● WORK TO COMPLETE:
Copy each line of the listing below exactly and drop the images.

● COLLECTED MATERIAL:
=== Begin Enclosure ===

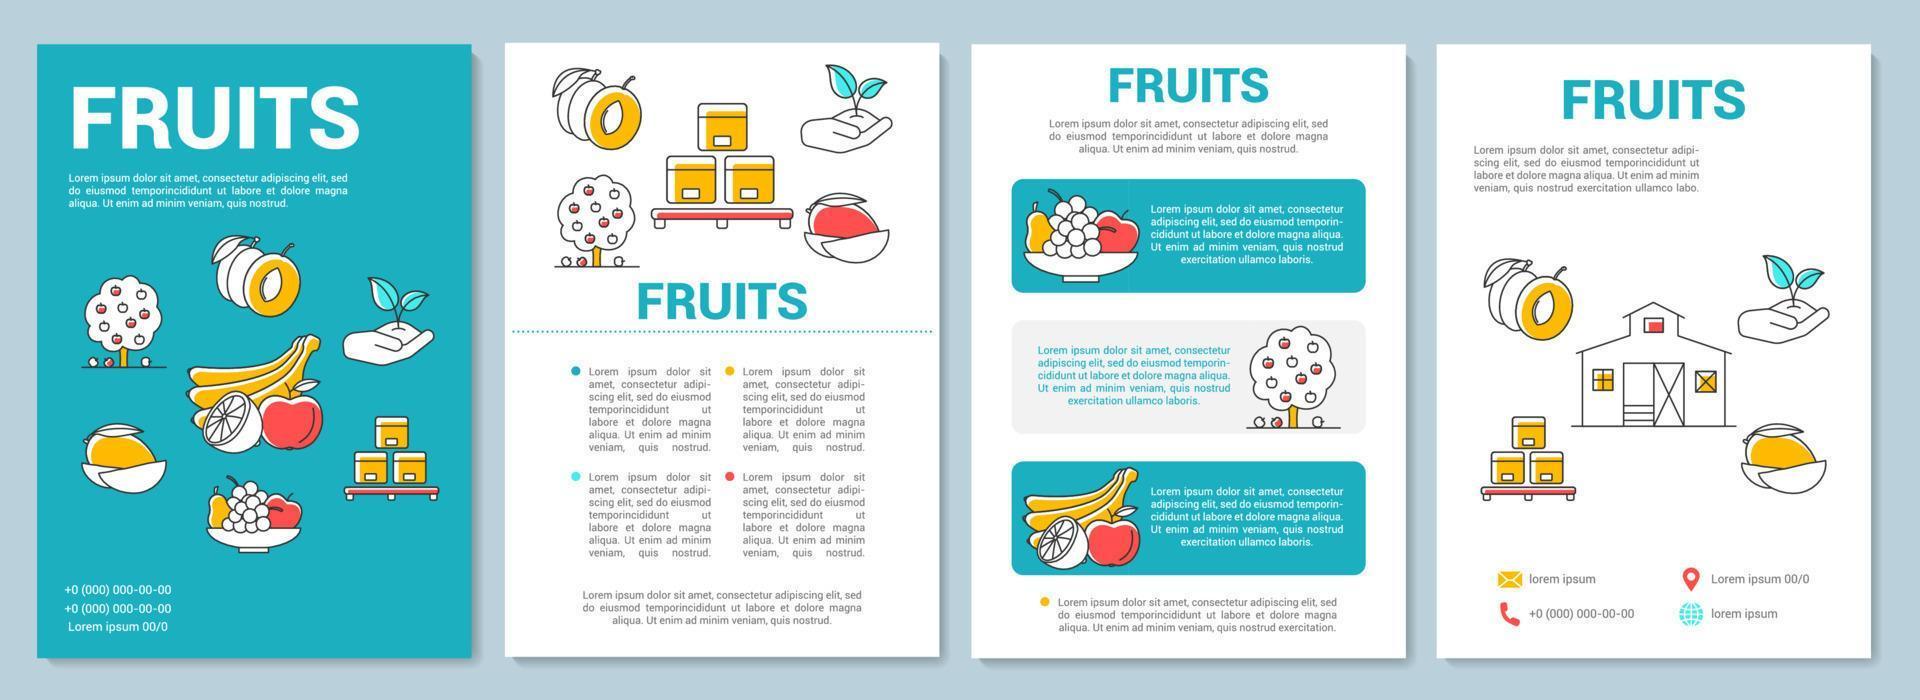 Fruit production template layout. Farming organic produce. Flyer, booklet, leaflet print design with linear illustrations. Vector page layouts for magazines, annual reports, advertising posters
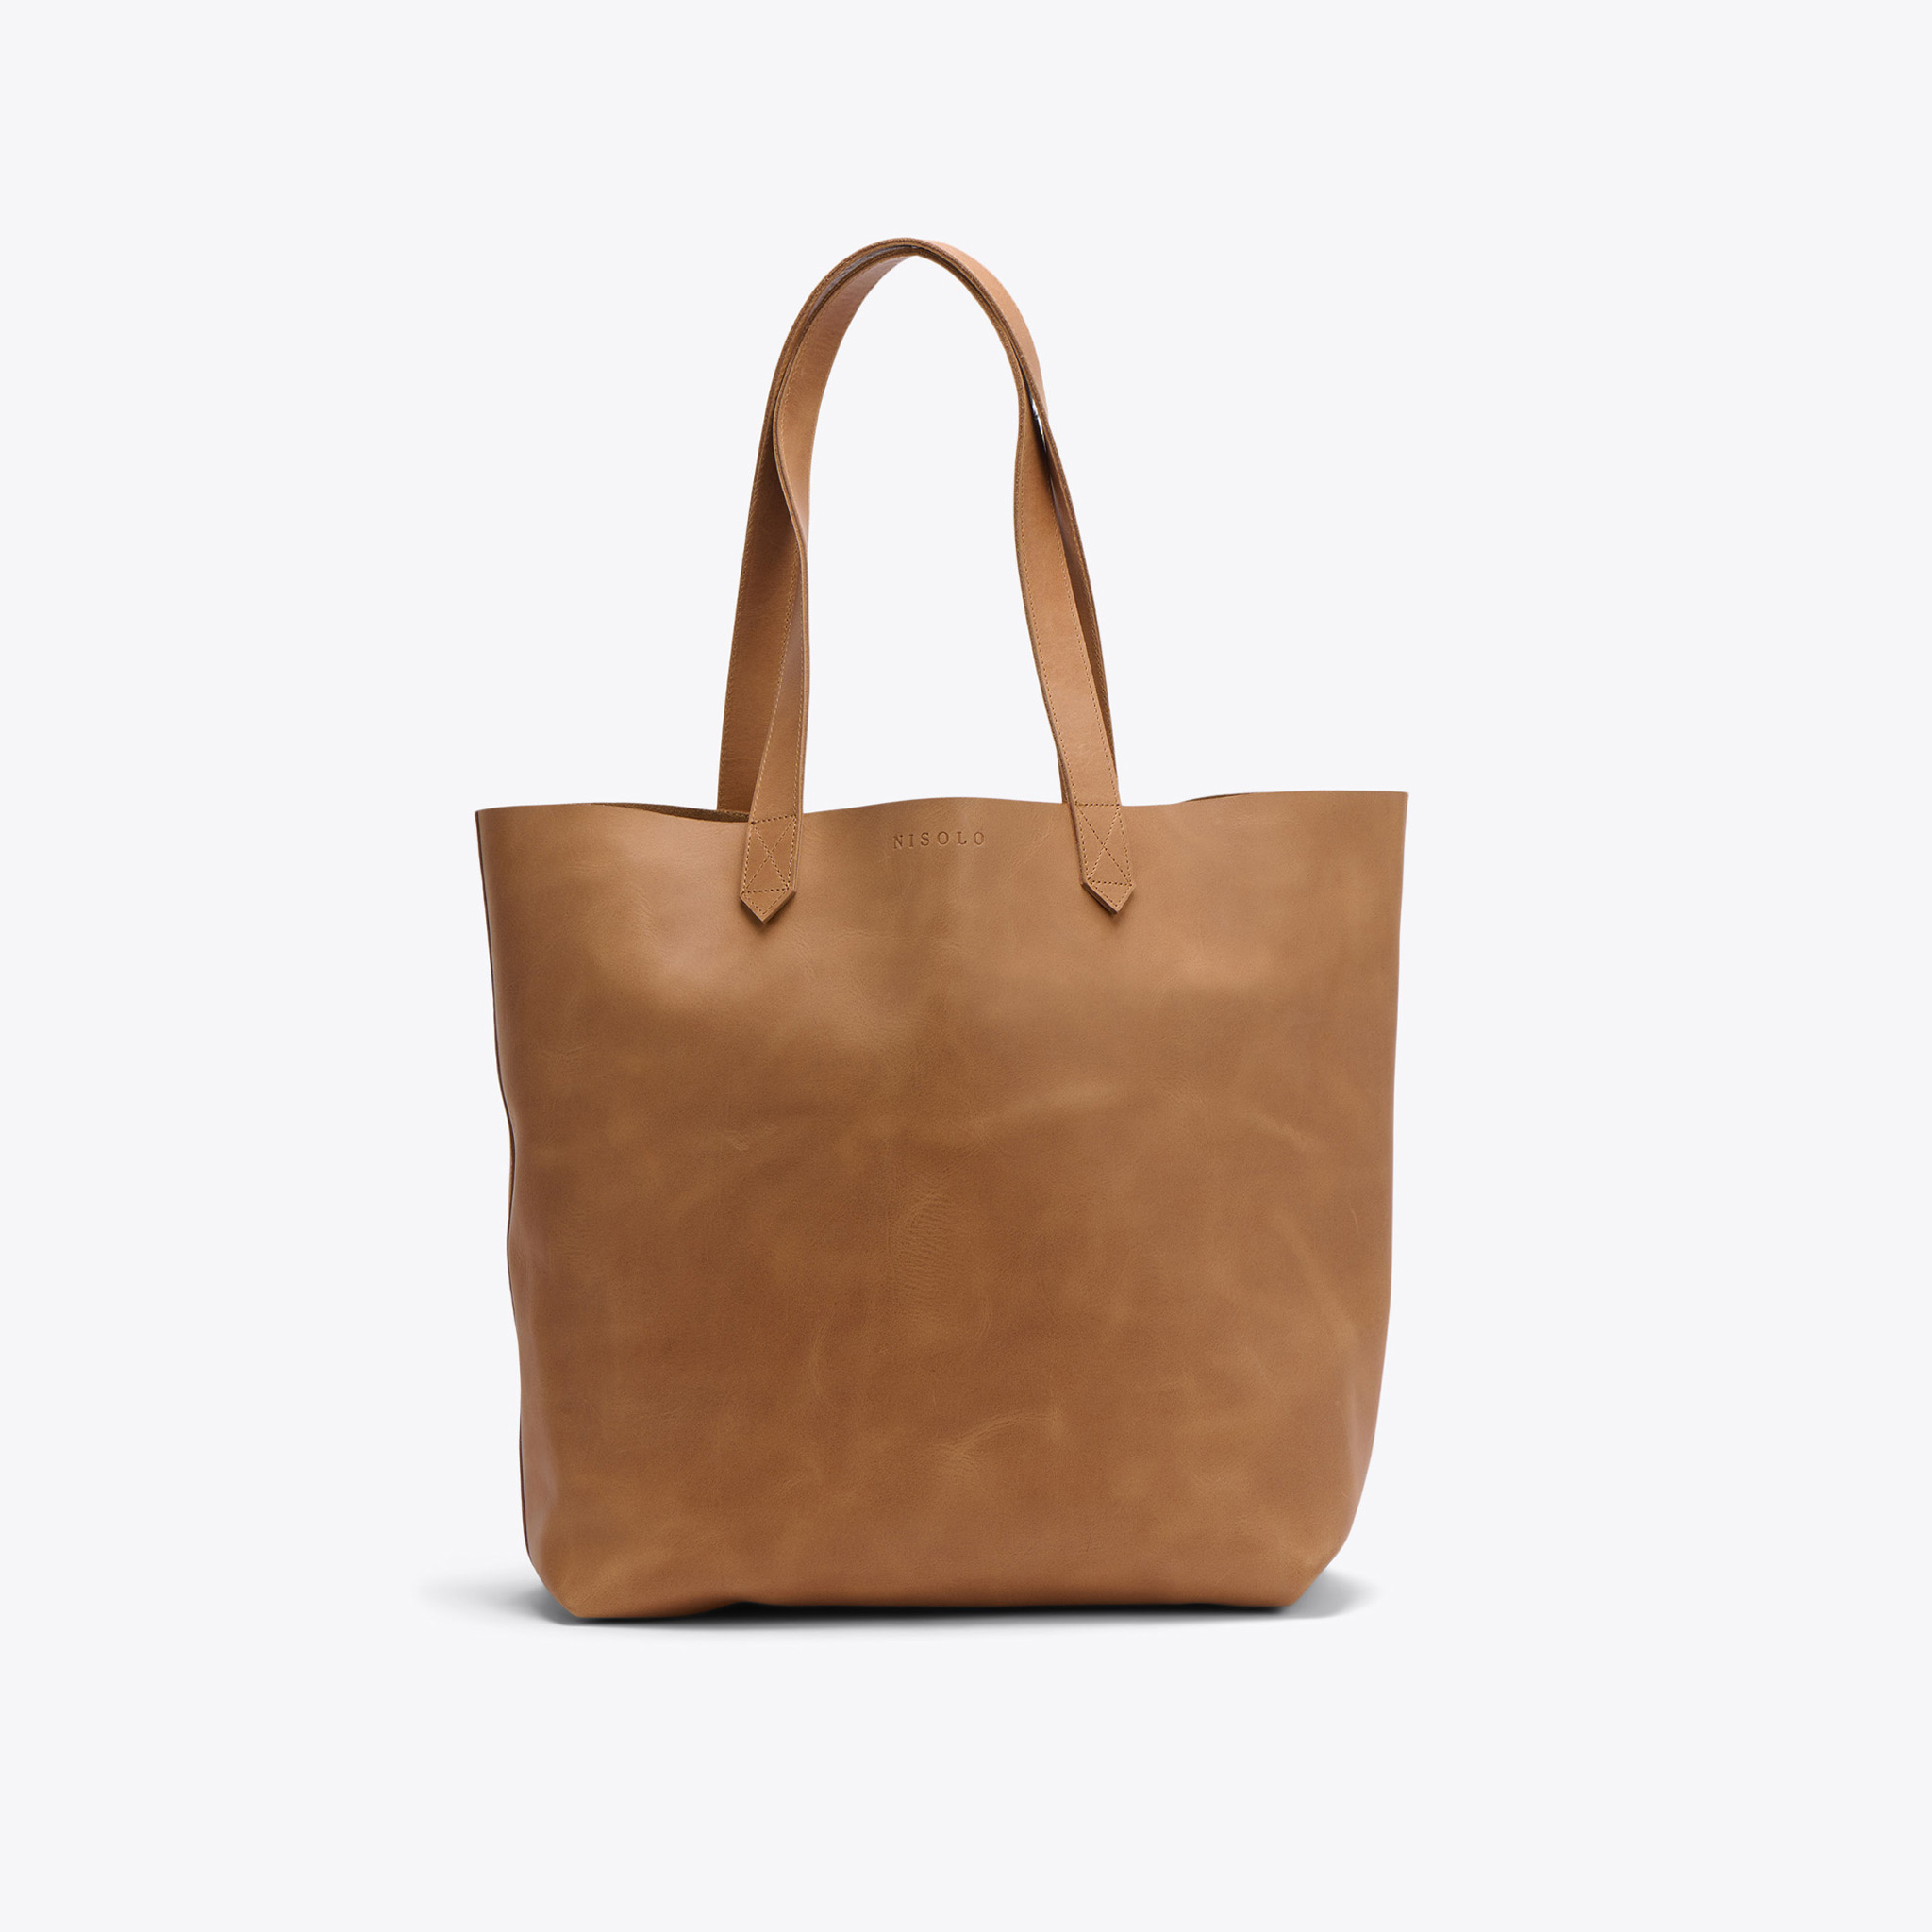 Nisolo Lori Tote Almond - Every Nisolo product is built on the foundation of comfort, function, and design. 
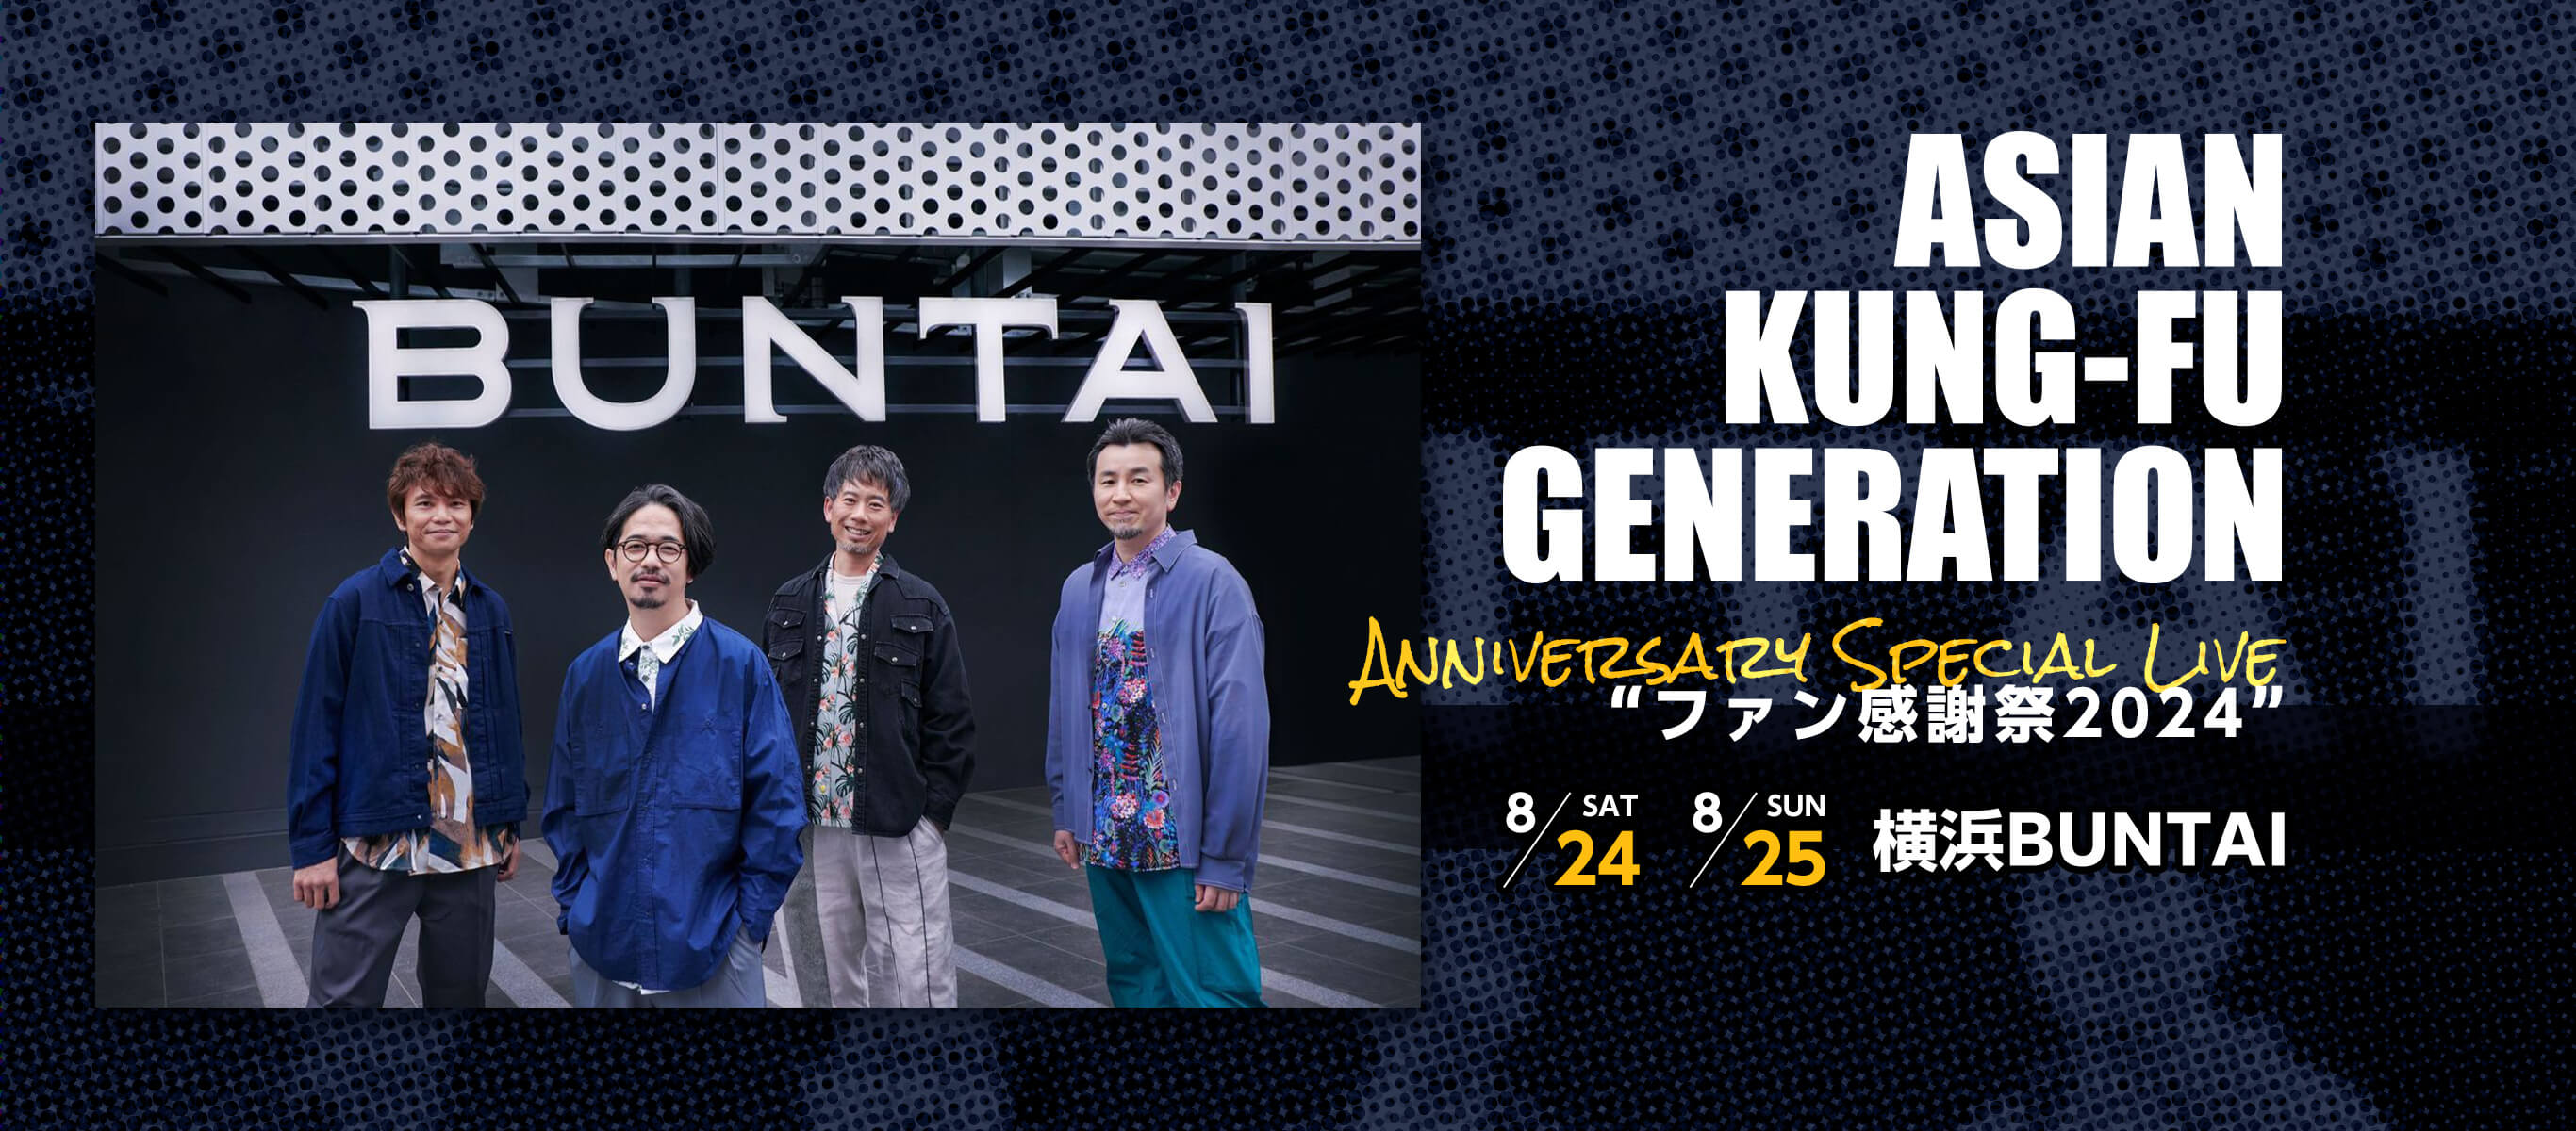 ASIAN KUNG-FU GENERATION Anniversary Special Live "ファン感謝祭2024"

=== End Enclosure ===

● OUTPUT OF THE TASK:
 Fruit production template layout. Farming organic produce. Flyer, booklet, leaflet print design with linear illustrations. Vector page layouts for magazines, annual reports, advertising posters
 Nisolo Lori Tote Almond - Every Nisolo product is built on the foundation of comfort, function, and design. 
 ASIAN KUNG-FU GENERATION Anniversary Special Live "ファン感謝祭2024"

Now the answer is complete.